Implementing a DCS

It’s time to start up your new distributed control system (DCS). How do you make the transition as positive and painless as possible?

03/30/2018


Figure: Verifying device location, operation, effective termination, and labeling of wires are extremely important steps in preparing field devices for the arrival of the distributed control system (DCS). Courtesy: Maverick TechnologiesMost discussions examining distributed control system (DCS) migration projects concentrate on the early planning stages or the potentially contentious issues of vendor selection. Those are important topics, but if a project runs its full course, at some point, the shiny new automation system will arrive at the plant, waiting to be installed and started up. The risk during the entire installation process, particularly the cutover from the old automation system to the new one, is enormous, with the potential for production to be affected either for good or ill. This is where the rubber meets the road.

A well-planned project should have a detailed roadmap for implementation. If your company already is working with a system integrator or an automation system vendor, the steps of the cutover should be thoroughly outlined and scheduled. If they are not, or if you are still planning, let's look at what must be included in the cutover.

The cutover is the point where the parts of the larger automation system designated to remain in place are moved to the new platform. These typically include field instrumentation, valves, motor controllers, and so on—with all the supporting networks and wiring. These components interface with the system via input/output (I/O) cards, and every connection must be moved from the old platform to the new one.

Steps prior to DCS delivery

Cutover is the final chapter of the project, so, by the time the new DCS is delivered to your facility, this work should have been done: 

  • Documentation for the facility or unit reviewed and updated
  • Field devices, supporting wiring, and all labeling should be examined, evaluated, and repaired where necessary
  • Factory acceptance test (FAT) of the new automation system performed and passed
  • Supporting infrastructure for the new automation system in place and working.

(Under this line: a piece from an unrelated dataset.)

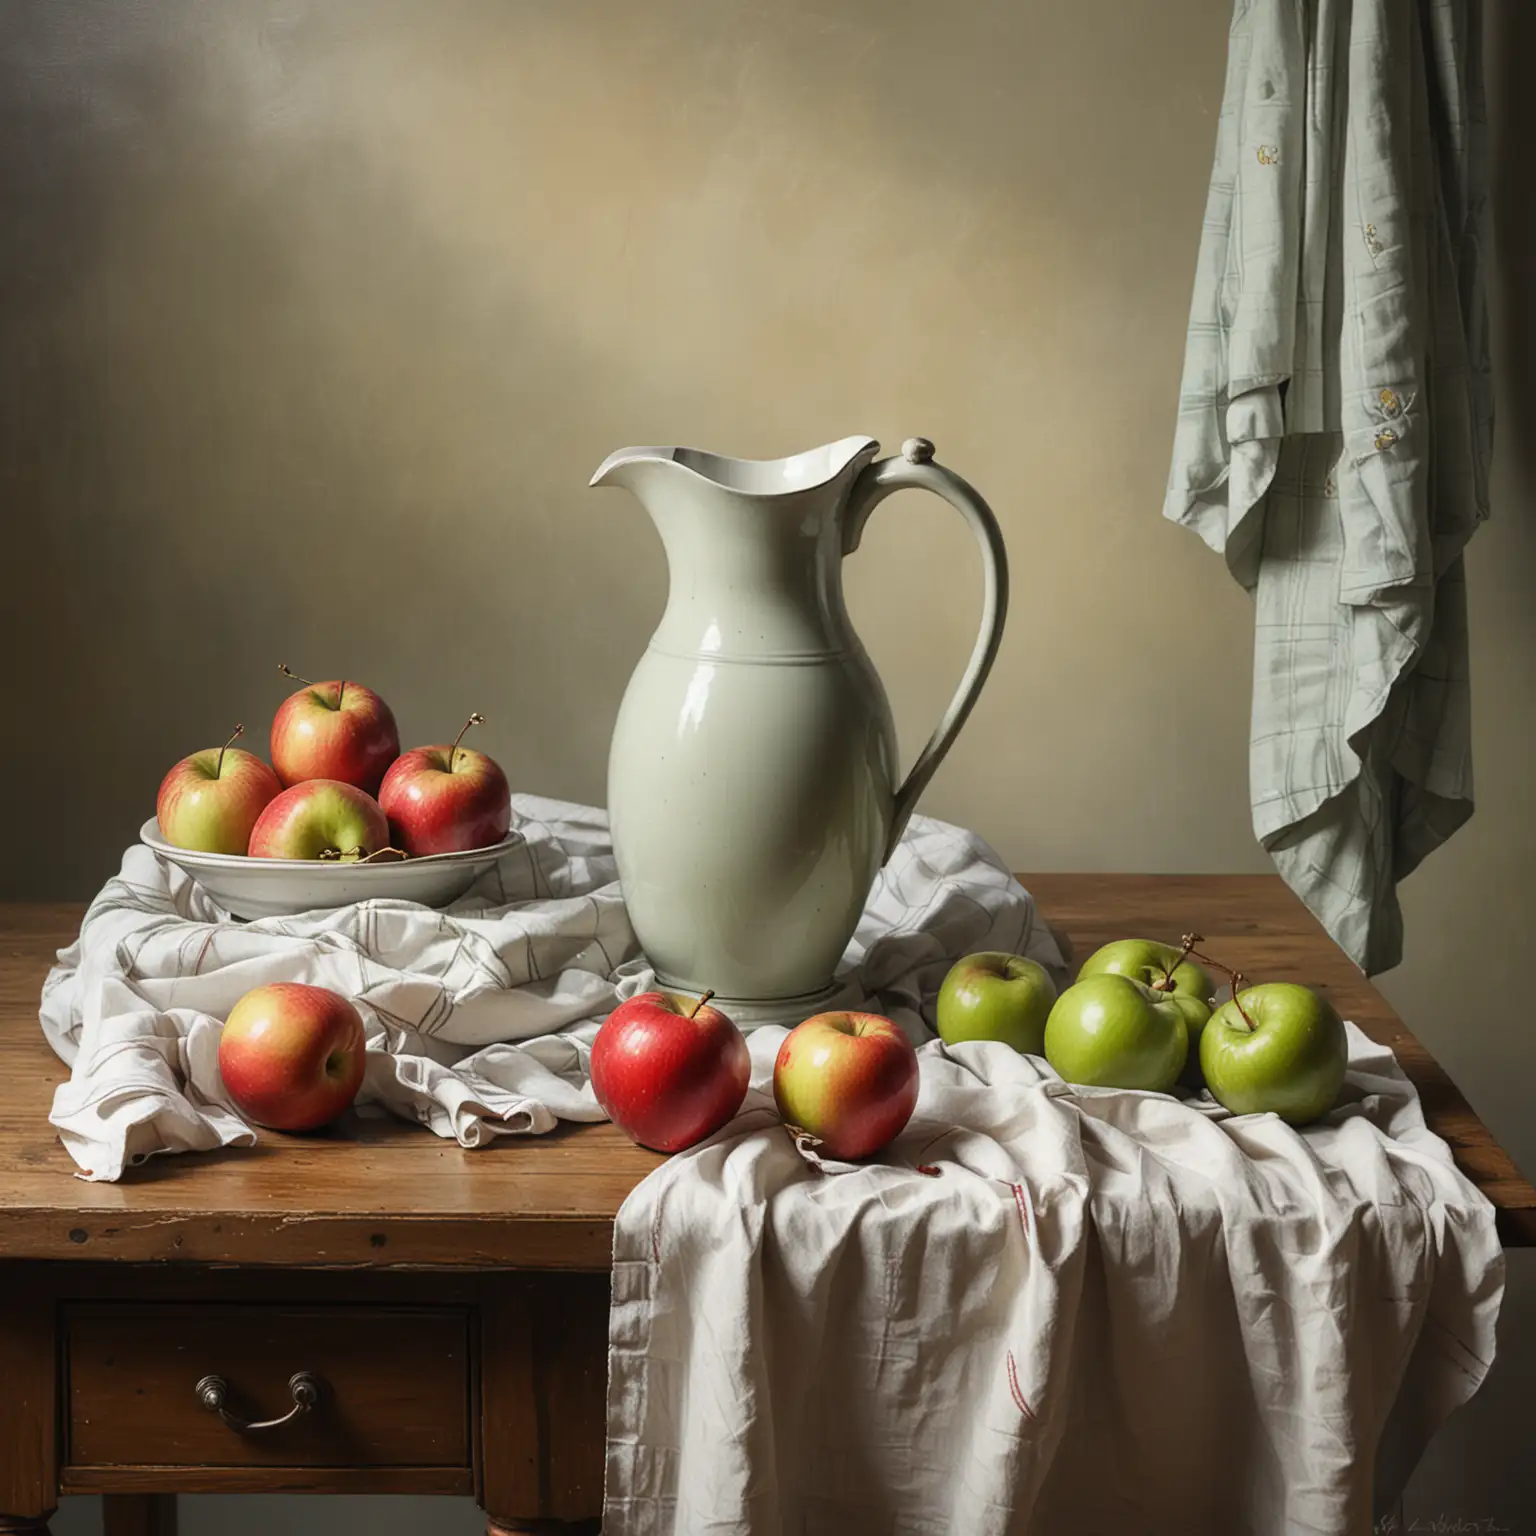 A PAINTING OF A STILL LIFE, OF A TALL PITCHER ON A TABLE WIYH A CLOTH, AND RED AMD GREEM APPLES

These four points cover a lot of ground, so let's consider their impact individually. 

1. Documentation can make or break a migration project. A successful implementation depends on having a detailed, complete, and accurate picture of the existing facility. When a DCS is replaced, the facility will have gone through many changes and various updates since the older automation system was installed. If the documentation does not reflect all those changes, problems will emerge at many stages of the migration project. If gaps remain after the earlier stages of the project, they will certainly emerge during the cutover when it becomes necessary to find individual connections, one-by-one, and execute connection changes flawlessly.

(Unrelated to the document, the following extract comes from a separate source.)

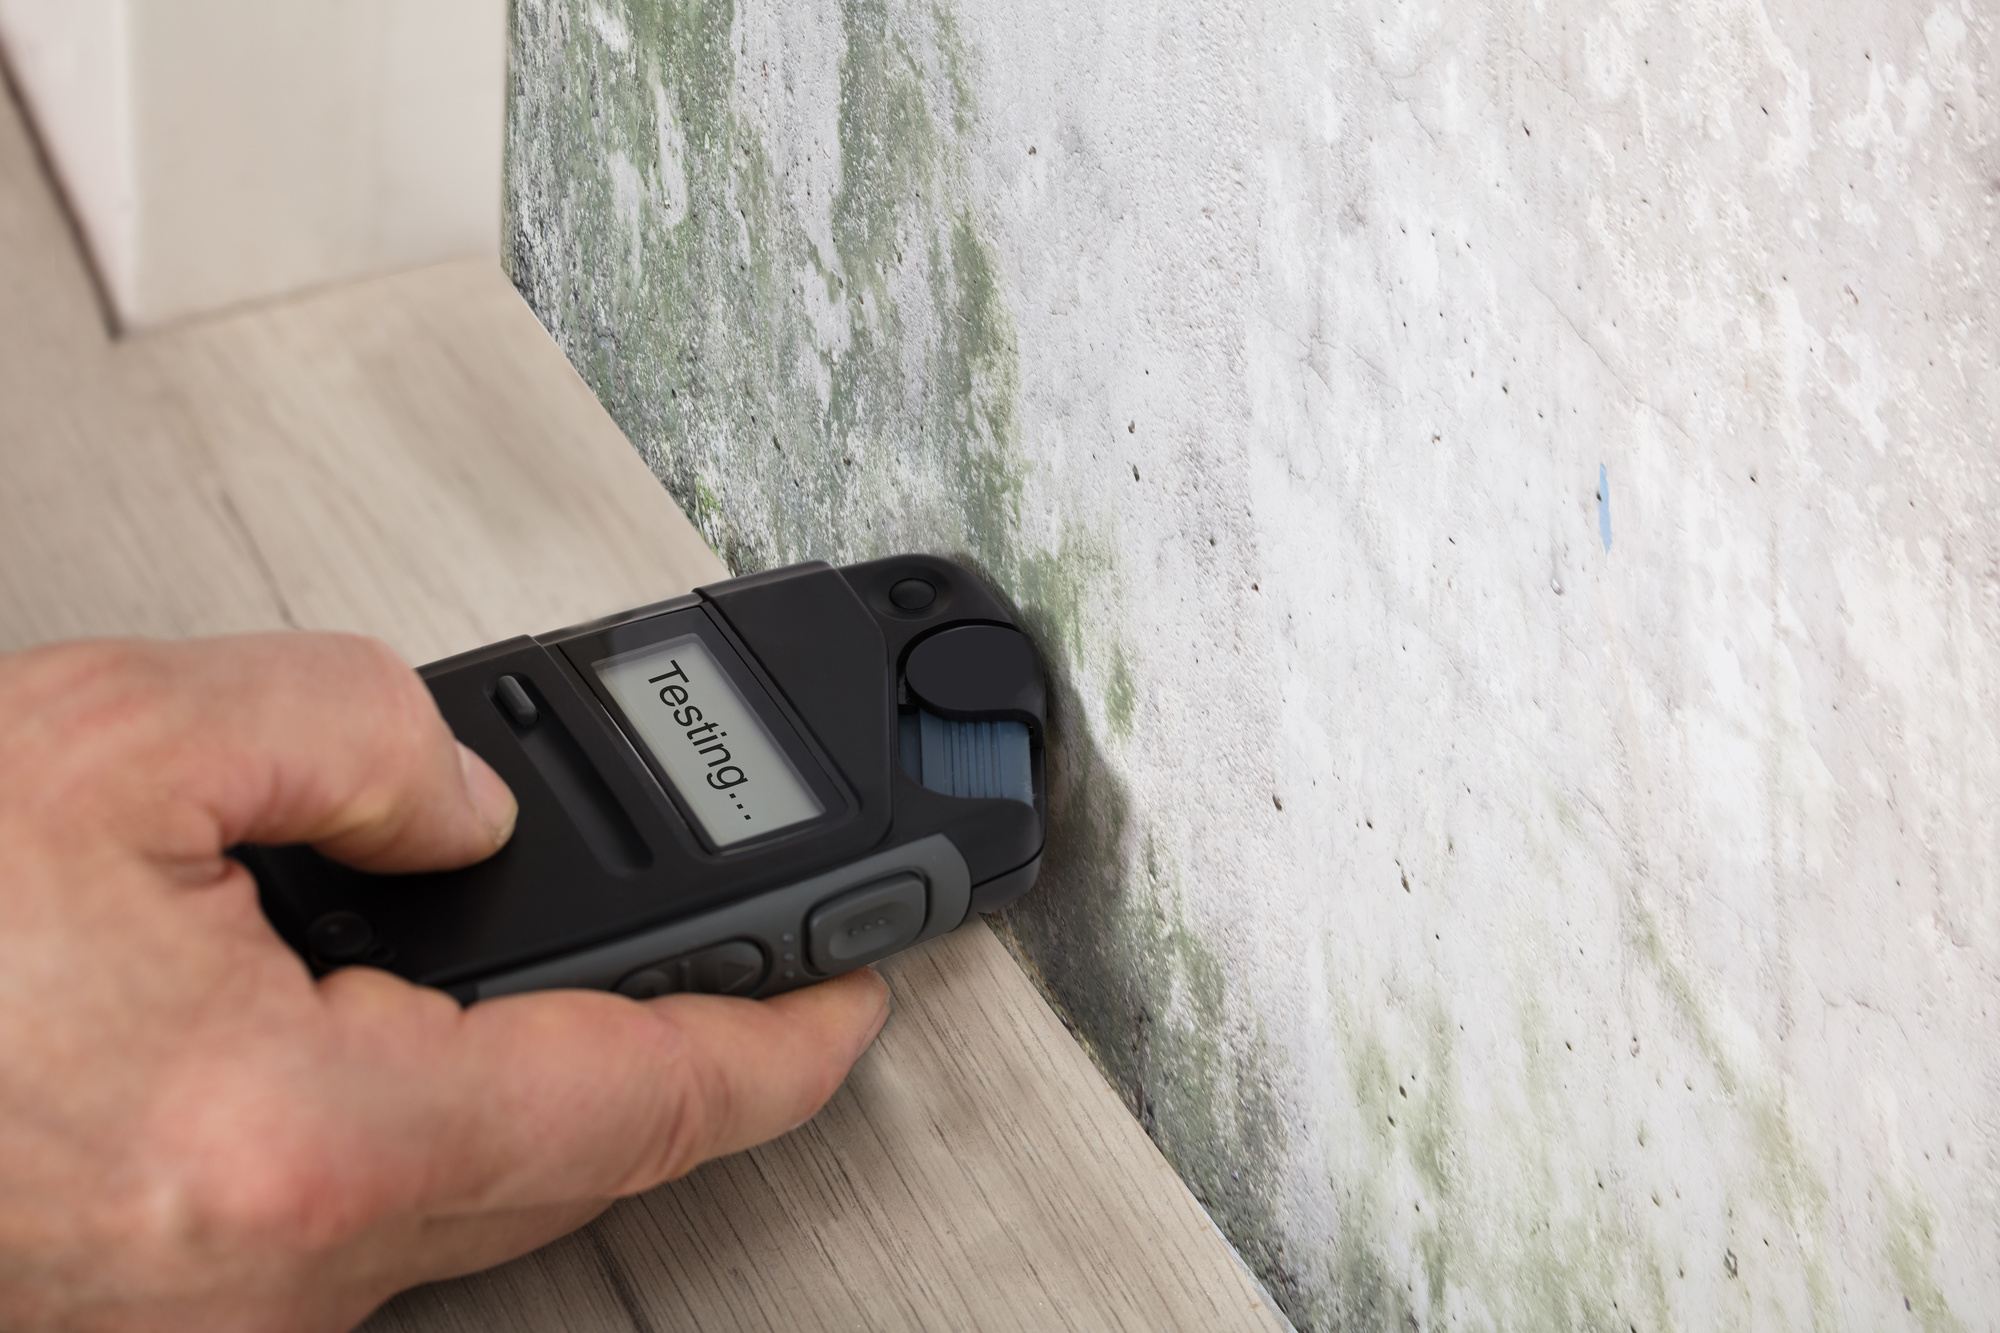 8 Signs That You Need Mold Inspection

During the project, the documentation should be reviewed in detail. This includes:

 

  • Piping and instrumentation diagrams (P&IDs)
  • Loop sheets
  • Panel drawings
  • Rack room drawings
  • Cable and conduit schedules.

If your company is bringing in a system integrator or other outside help for the cutover, it is critical that the team leader performs an audit of the documentation at some level. The degree of detail will vary according to the situation, but much depends on the documentation, so its accuracy should not be taken for granted. [subhead2]

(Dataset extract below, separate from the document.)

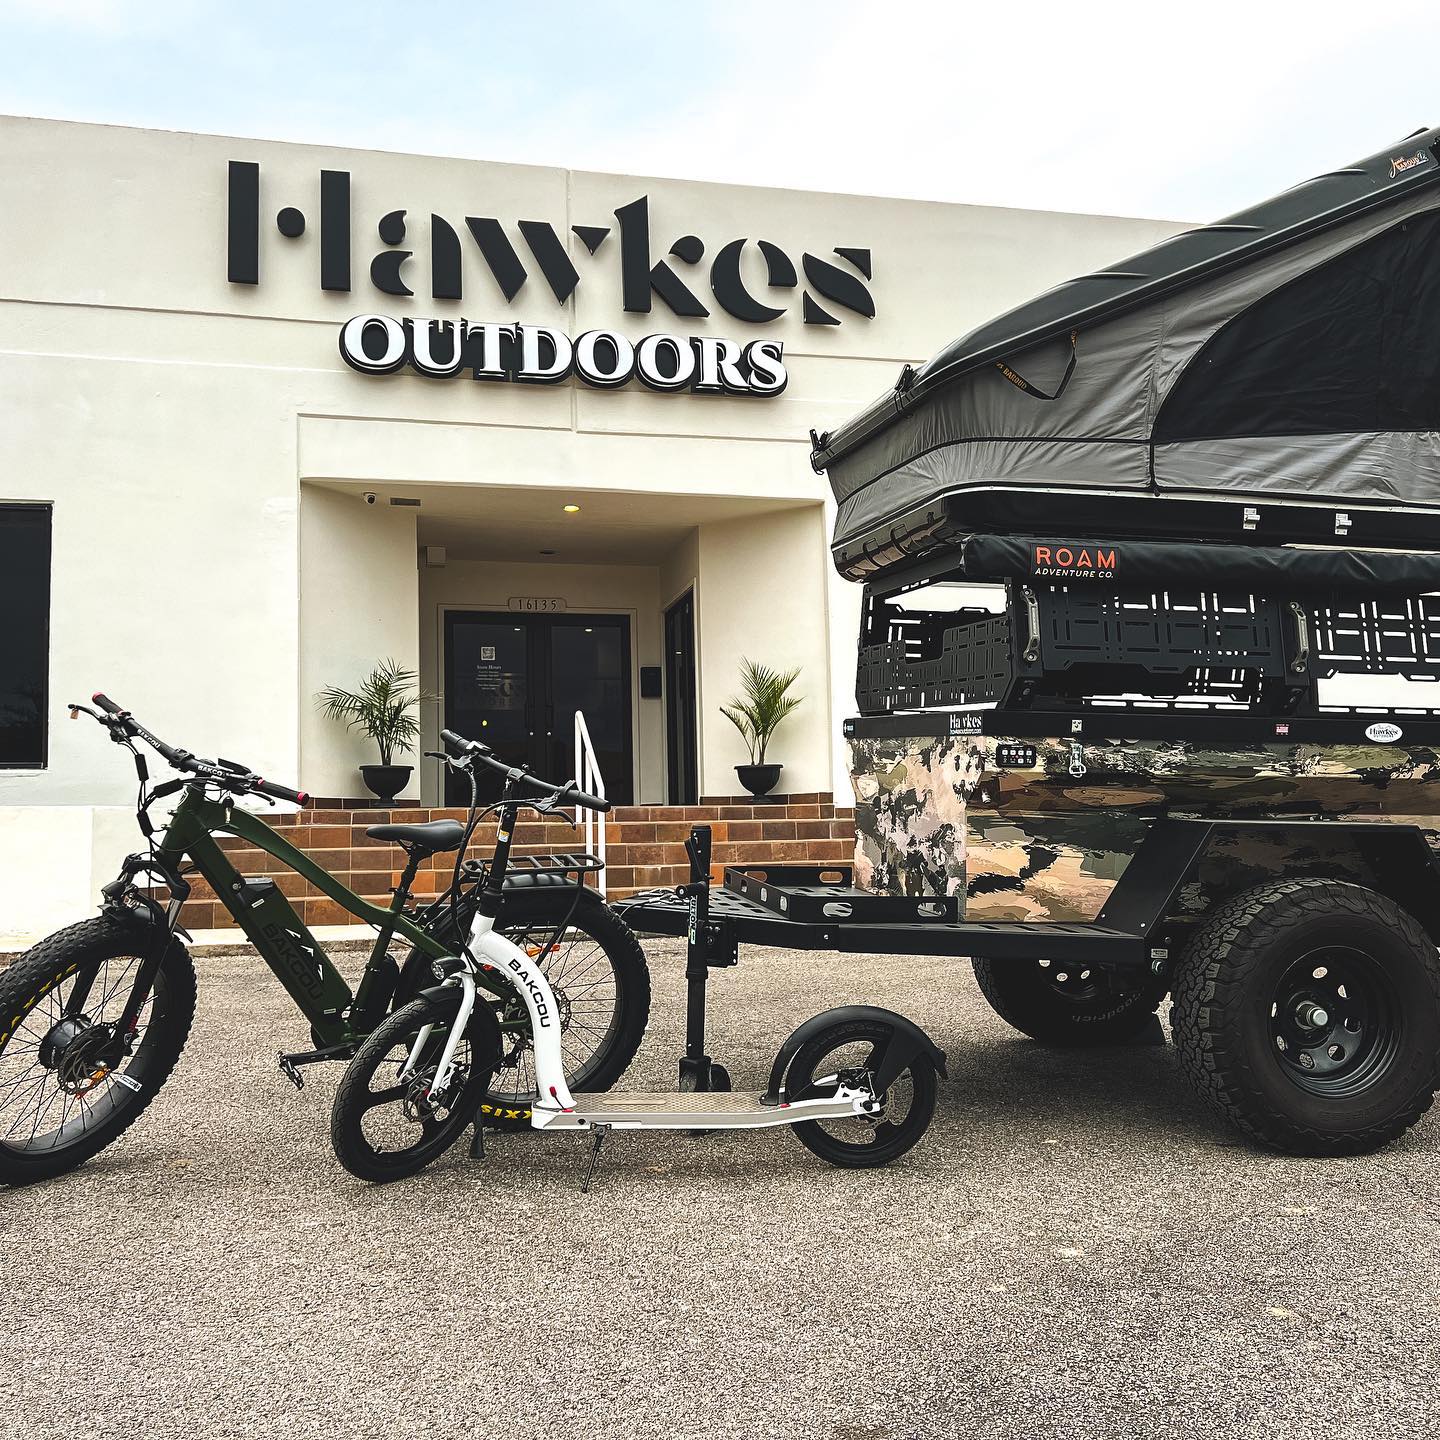 Find new employment opportunities at Hawkes Outdoors in San Antonio, Texas

2. Field devices and their supporting wiring should be verified: 

  • All devices are in the location shown on the P&ID
  • The devices are working correctly
  • They are wired as shown
  • The wires are terminated in the marshaling cabinets and I/O card where indicated with correct labels (see Figure). 

3. The FAT will have been completed before the system is shipped to the field, and what happens during this step merits its own article. Suffice it to say, by the time the cabinets and racks reach your facility, the control software and hardware should have undergone extensive examination by the vendor and the project team. If the testing was done correctly, there should be no surprises, such as bad I/O cards or hardware glitches. 

4. Any infrastructure necessary to support the new system should be installed and working by the time the automation system arrives. Any changes in electrical power distribution, HVAC and lighting improvements, holes for wiring and conduit, and even paint on the walls should have been done. These elements can be overlooked as superficial, but in the real world, they turn out to be problematic if they must be done at the last minute. Cutting an extra hole through a cinder-block wall can create a lot of gritty dust, and risks damage to the cabinet, so it should be done before the new equipment is in place. 

After the DCS is delivered

After the new racks and cabinets have been installed and wired to power, it's time for the site acceptance test (SAT). Some of the same routines checked during the FAT are repeated to make sure there was no damage during shipping, but probably run as spot checks rather than every point. Mostly, it includes basic verification of the hardware and software.

Those who will be involved with the cutover should make sure the I/O cards are in the correct positions, network connections are working, and so forth. Technicians will have to spend time with meters verifying terminations and communications before the cutover begins.

Cutover: Cold versus hot

There are two basic cutover approaches, cold and hot. A cold cutover happens during a shutdown when nothing is running. The old system is disconnected, and all the field devices and other components are then attached to the new system and tested during the outage. When the process restarts, it runs entirely on the new platform.

A hot cutover brings the new platform in while the old one is still operating. Both systems have to run simultaneously and be coordinated so they perform the same control functions. The process continues running while technicians methodically move each device and loop to the new platform, one by one, hence the need for coordinated parallel operation. If done correctly, the unit does not experience any loss of production.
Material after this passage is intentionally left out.